What is a hybrid cloud. Benefits, limitations and use cases
As the name implies, a hybrid cloud is hybrid i.e, it's a combination of both the private cloud and the public cloud. It is not a different cloud altogether. It's just that, both, the private and public clouds work together to meet our organization requirements. I mean, it offers the best of both the worlds.
For example, we can use the private cloud for security sensitive, business-critical operations like financial reporting, and, the public cloud for high-volume, lower-security needs such as web-based email.
In a hybrid cloud, we have a concept called cloud bursting. This sounds like a fancy technical term, but all it means is the following. You have an application or a service. To start with, it's hosted and running in your private cloud. The application continues to run in your private cloud until there is a spike in the demand. When there is a spike in demand, "burst through" to the public cloud to tap into the additional computing resources provided by the public cloud. When the spike in demand subsides, you scale down just to your private cloud and no longer use the public cloud resources.
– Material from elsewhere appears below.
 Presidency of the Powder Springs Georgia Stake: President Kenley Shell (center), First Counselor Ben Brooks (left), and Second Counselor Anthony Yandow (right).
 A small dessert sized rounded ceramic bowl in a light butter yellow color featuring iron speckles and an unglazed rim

If you are wondering, why will there be a sudden spike in demand. Well, there are number of reasons. May be you are launching a new business or product line. Seasonal events like online christmas shopping or tax filing for example, may aslo increase the traffic to your application or service.
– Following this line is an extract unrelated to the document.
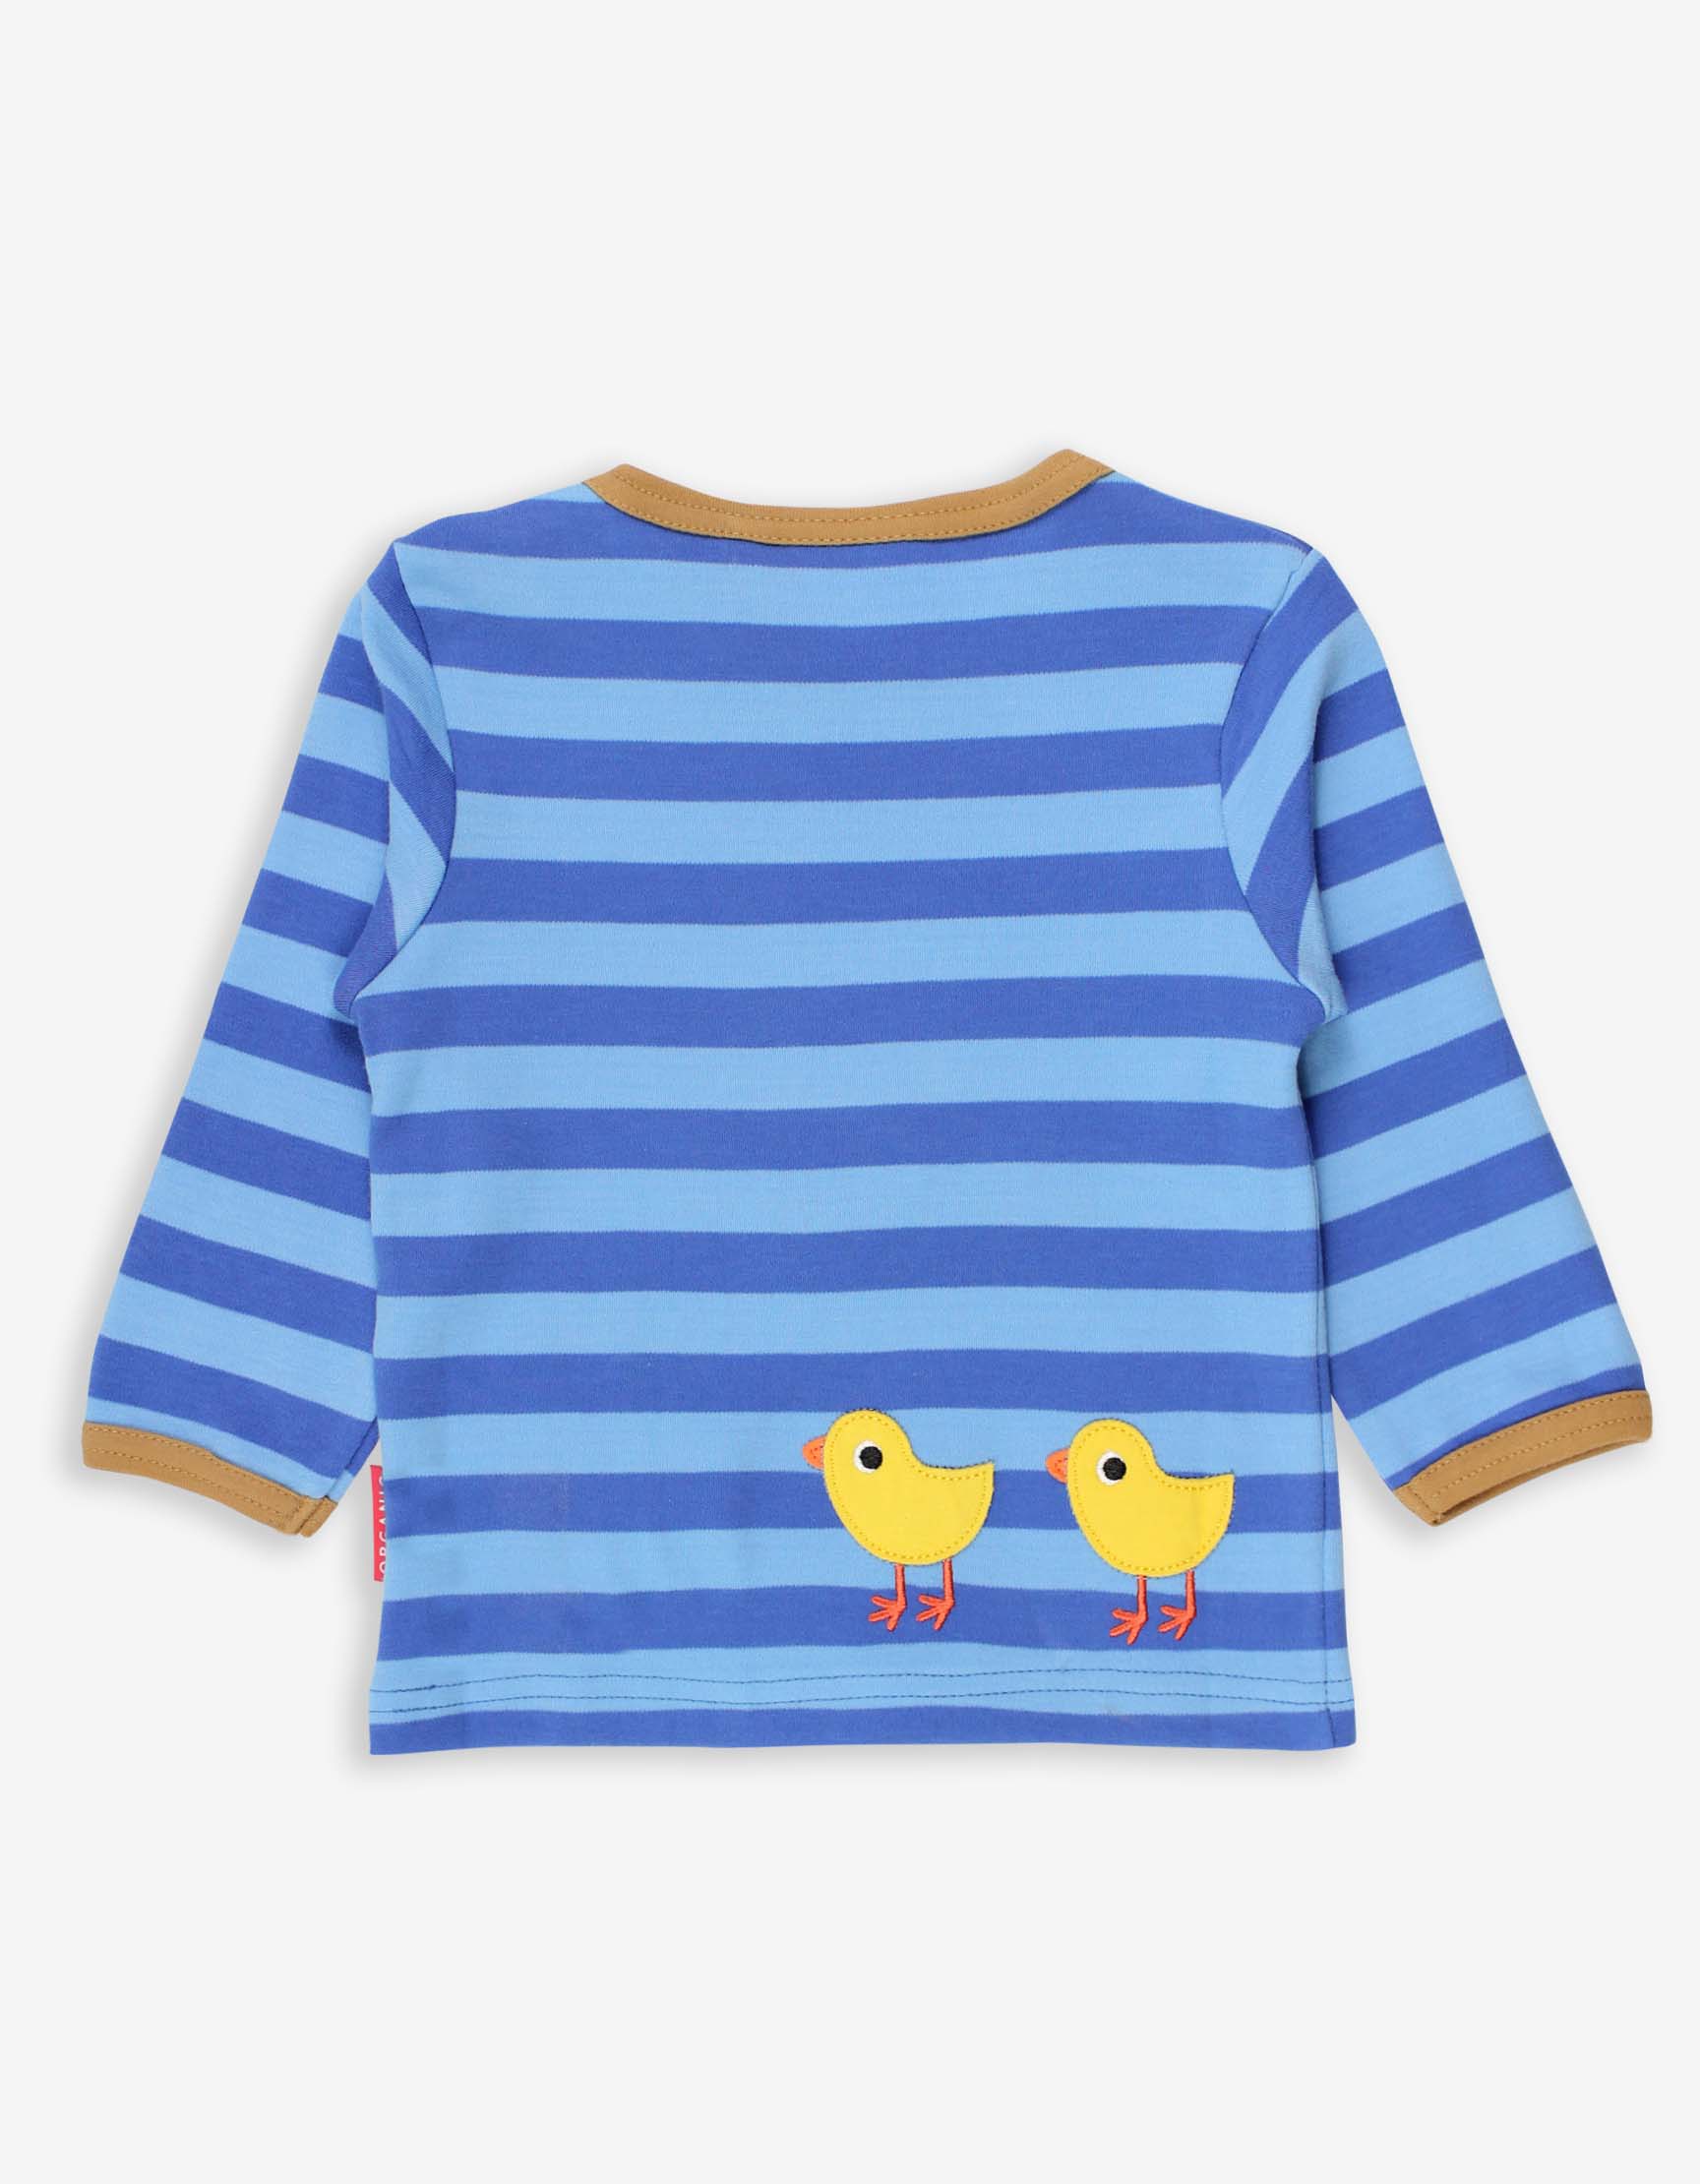 Toby Tiger Organic Long Sleeve T-Shirt - Clucky Chicken Applique

With private cloud you only have so much physical infrastructure. How much you can scale up, depends on that physical infrastructure. Beyond certain point, if you want to scale up, you have to buy additional hardware, which is not only expensive but also time consuming to procure and setup. When the spike in demand subsides, we are no longer using this additional infrastructure.
Benefits of hybrid cloud
- Best of both the worlds - The obvious benefit is, a hybrid cloud provides, best of both the worlds ie. private and public clouds.
- Better Control - With the hybrid cloud, you have better control on what runs where. For example, you can use the private cloud for security sensitive apps and the public cloud for thos apps that have high-volumes of traffic, but not that security sensitive.
- Cost-effective – With the hybrid cloud, you only use public cloud resources when you need them i.e when there is a spike in demand, you burst through to the public cloud to use that additional computing power provided by the public cloud. When the demand subsides you scale down just to your private cloud.
Limitations of hybrid cloud
- Low visibility and control - Just like a public cloud, even in a hybrid cloud, you don't have much visibility and control over infrastructure that is owned by the public cloud service provider.
- Additional complexity - Integrating private cloud with public cloud introduces additional infrastructure complexity. Also, it invloves, considerable effort, time and complexity to maintain and evolve these 2 different types of clouds as the organization needs change.
- Compliance and legal risks - Since you don't have much visibility and control over public cloud infrastructure, you are relying on the cloud service provider to protect data and adhere to local and international regulations. Your company may still be liable, if the cloud service provider, fails to live up to the task and if there is a data breach.
- Cost concerns - If you use the public cloud resources for a along time, the overall price tag may be higher than what you anticipated.
When to use hybrid cloud
Hybrid cloud provides, best of both the worlds - i.e private and public clouds. For example, you are an IT company and provide services to 2 different sets of clients. For, one set of clients, security is not a massive concern. They just want to scale up and down at will. For these clients you can use the public cloud resources. For the other set of clients, security is the most important thing and they want to have complete and rigorous control over the cloud infrastructure. For these clients, you can use the private cloud resources. So the point that I am trying to make is, a hybrid cloud allows you to switch between different delivery models depending on your clients security and scalability requirements.